# Provided material
========================================

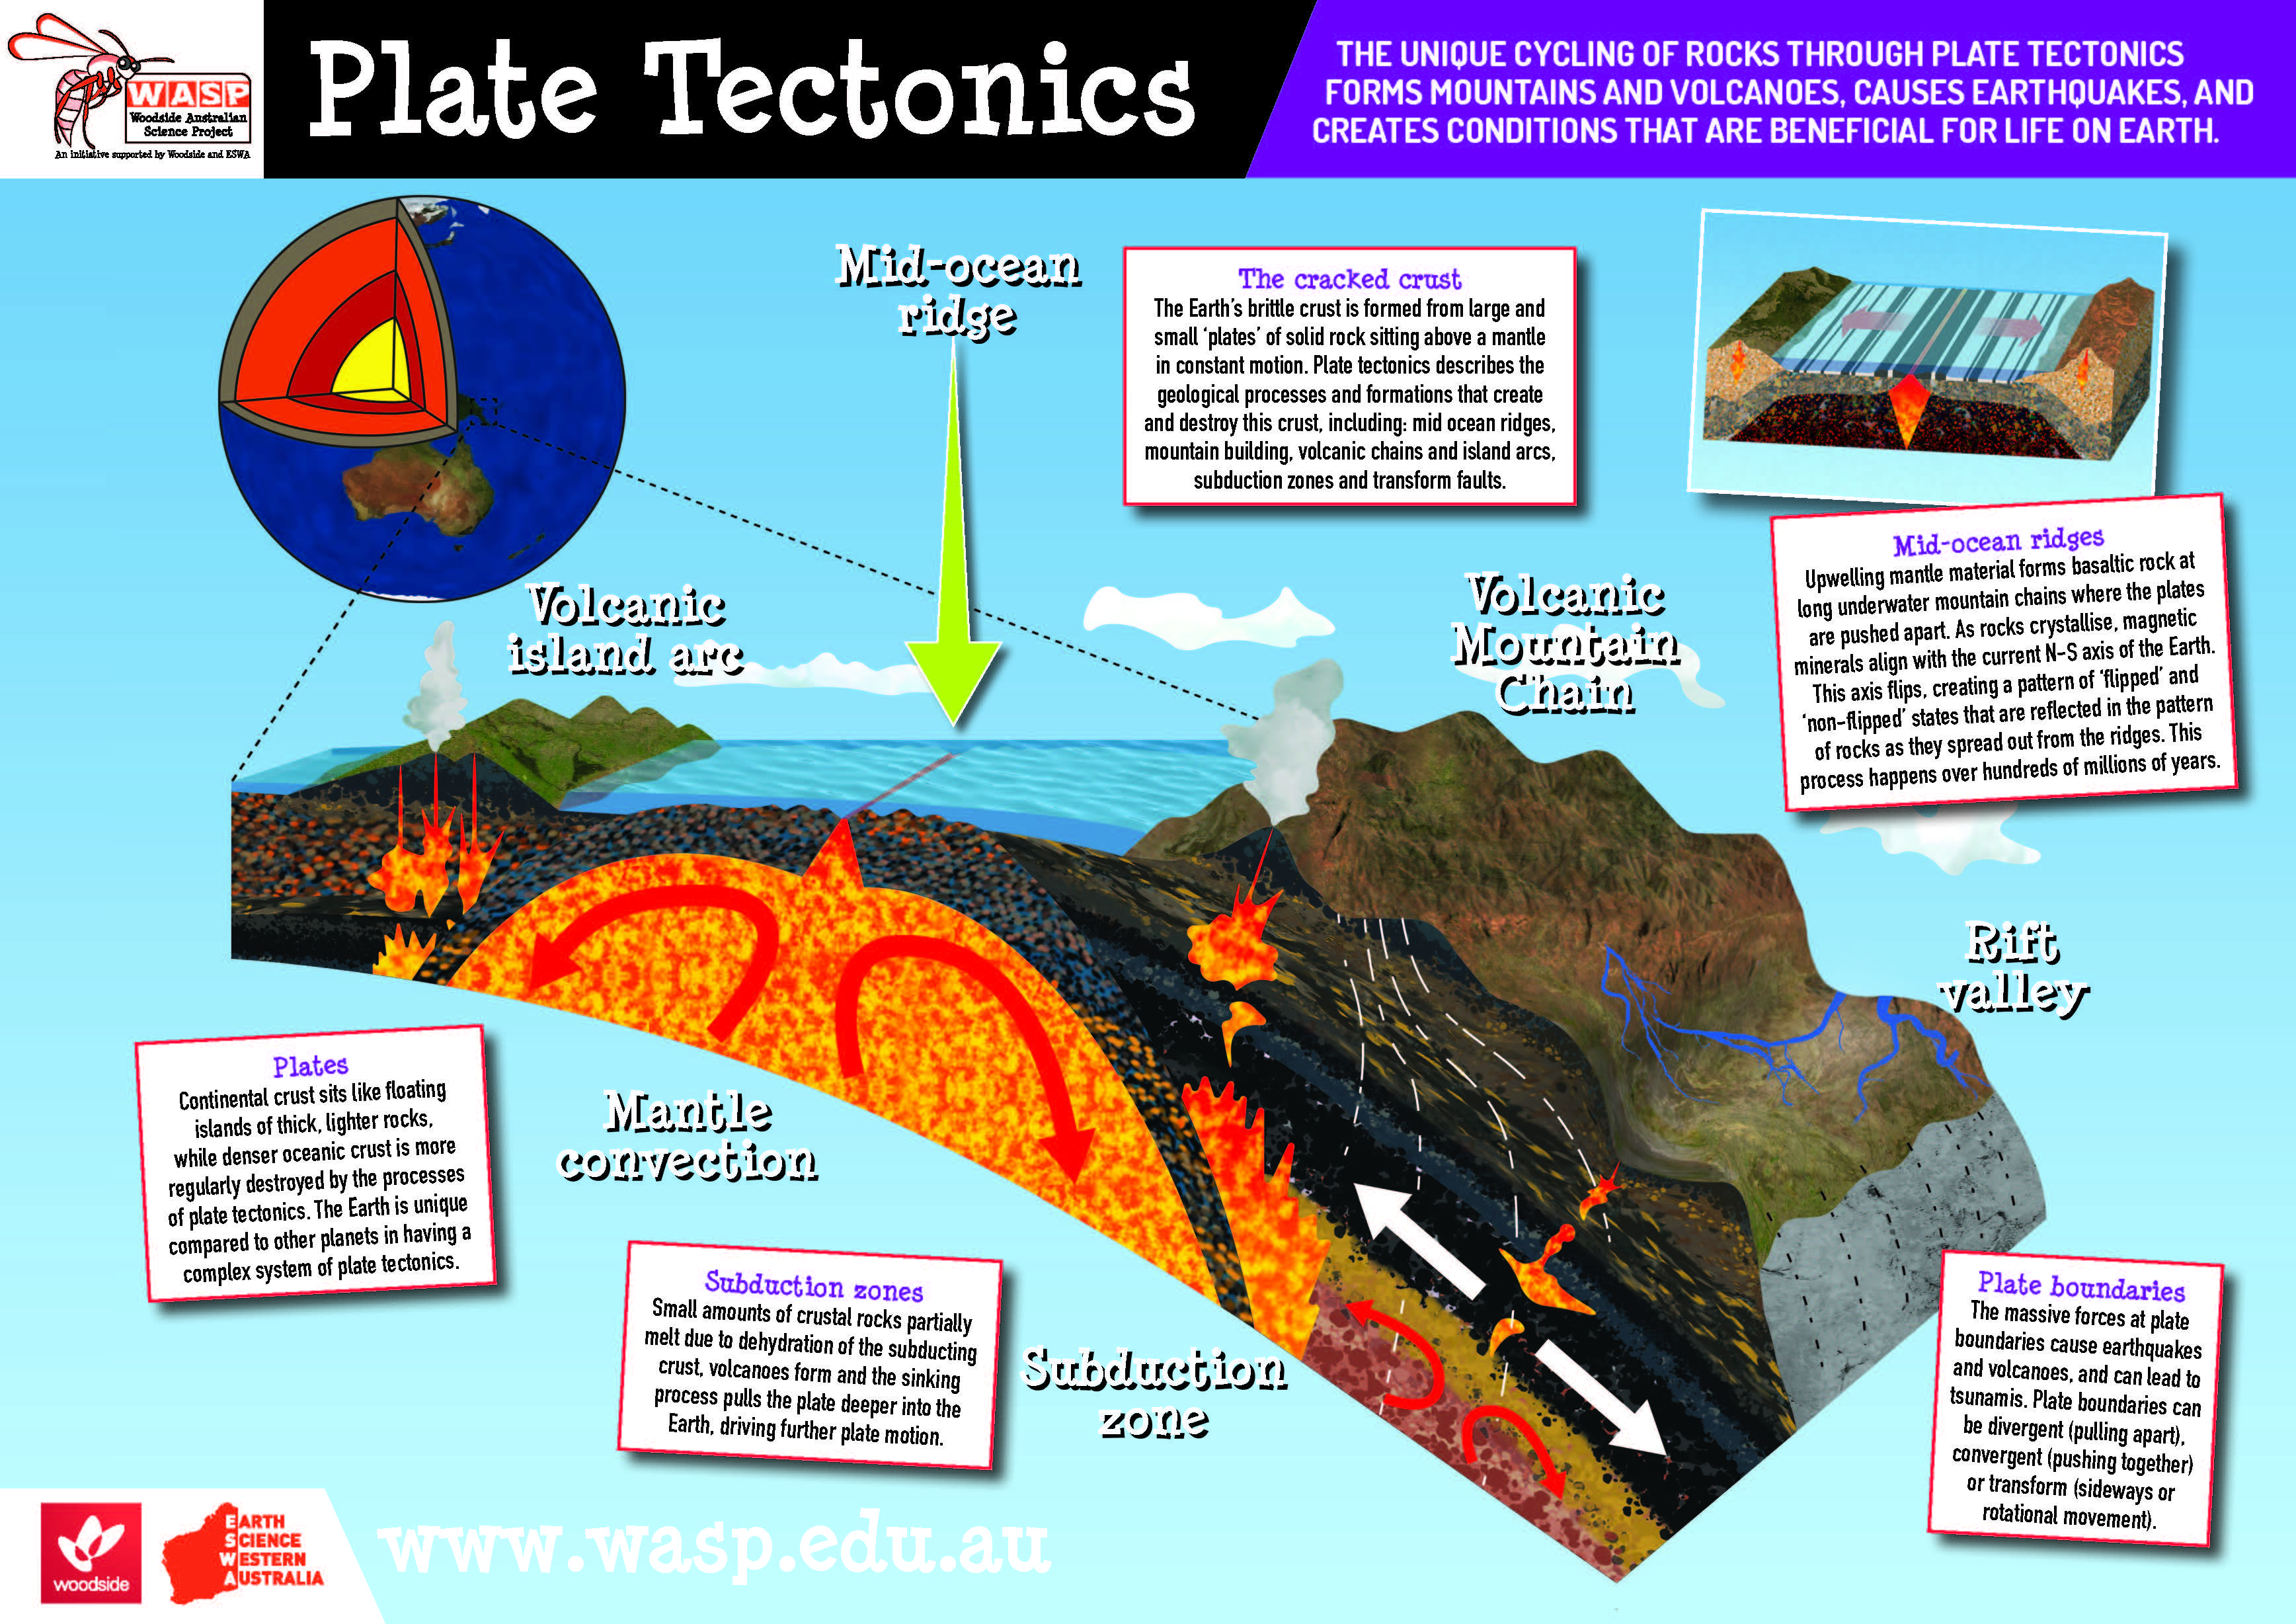 What happens at plate boundaries?
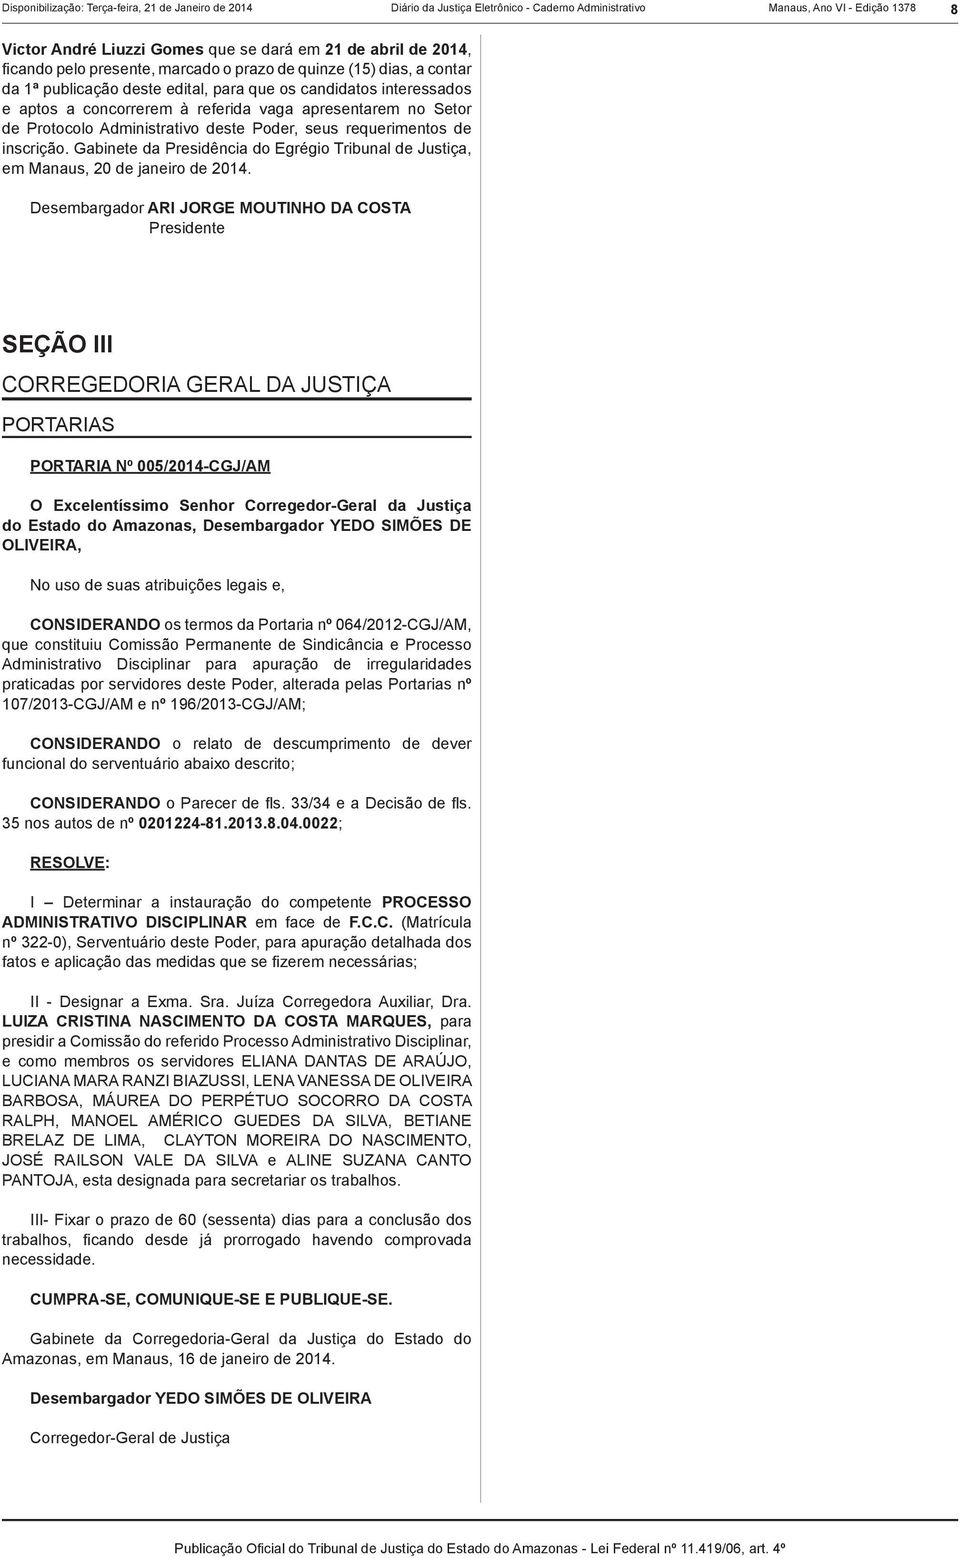 Protocolo Administrativo deste Poder, seus requerimentos de inscrição. Gabinete da Presidência do Egrégio Tribunal de Justiça, em Manaus, 20 de janeiro de 2014.
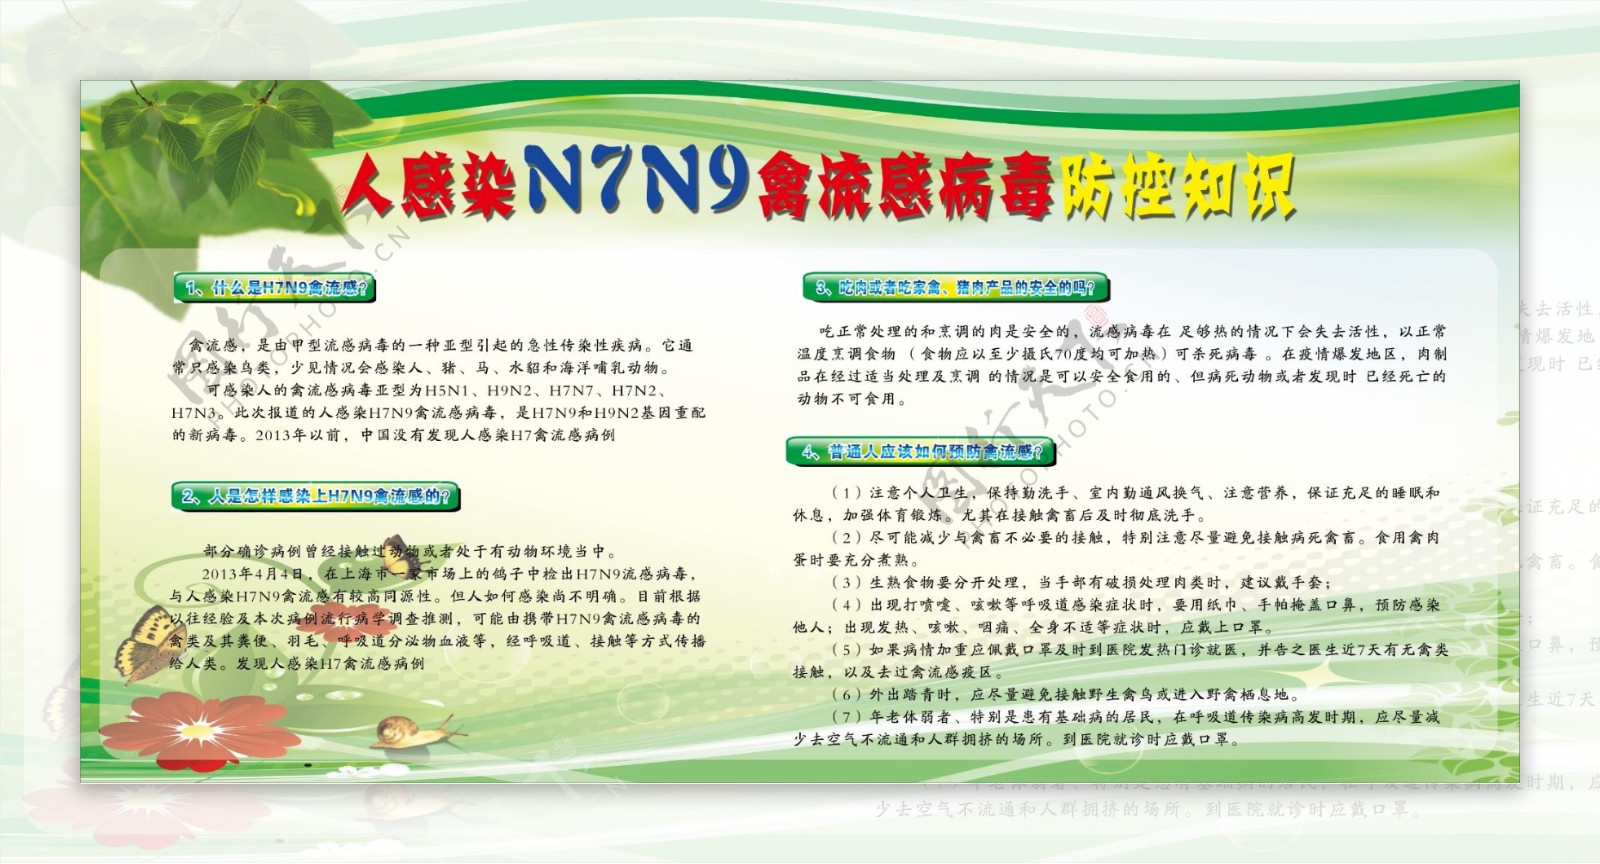 禽流感防控知识展板图片
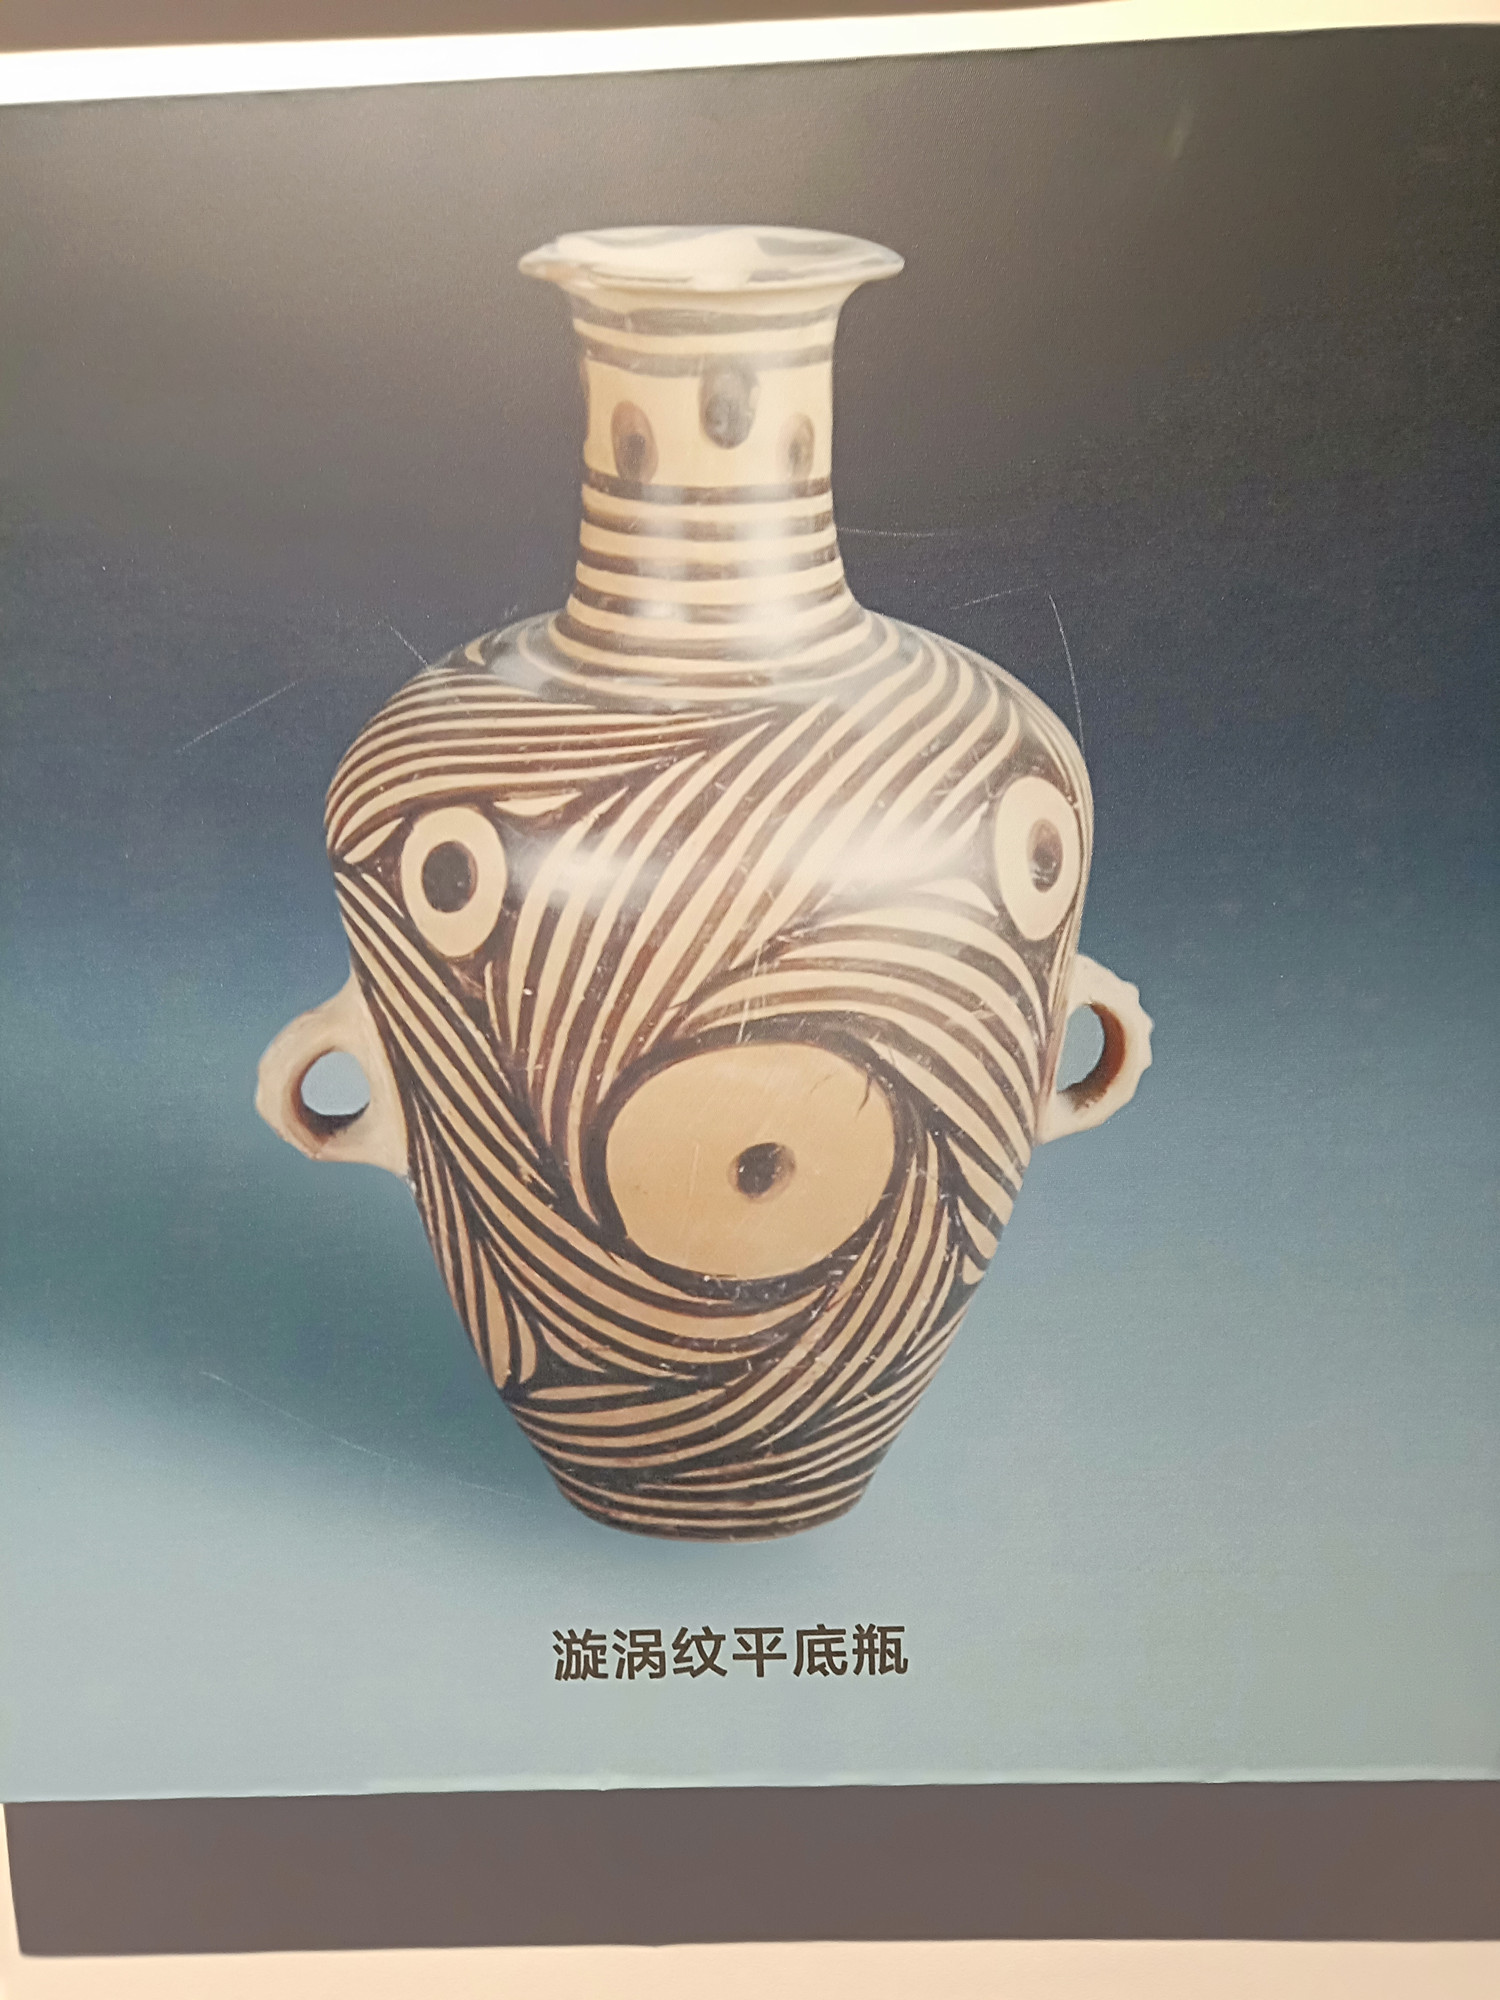 世界马家窑,命名在临洮,馆藏文物丰富,参观者络绎不绝

========================================

# Exercise requirements
The data above are to be repeated word for word, with any pictures left out.

# Solved problem
 What happens at plate boundaries?
 Protocolo Administrativo deste Poder, seus requerimentos de inscrição. Gabinete da Presidência do Egrégio Tribunal de Justiça, em Manaus, 20 de janeiro de 2014.
 禽流感防控知识展板图片
 世界马家窑,命名在临洮,馆藏文物丰富,参观者络绎不绝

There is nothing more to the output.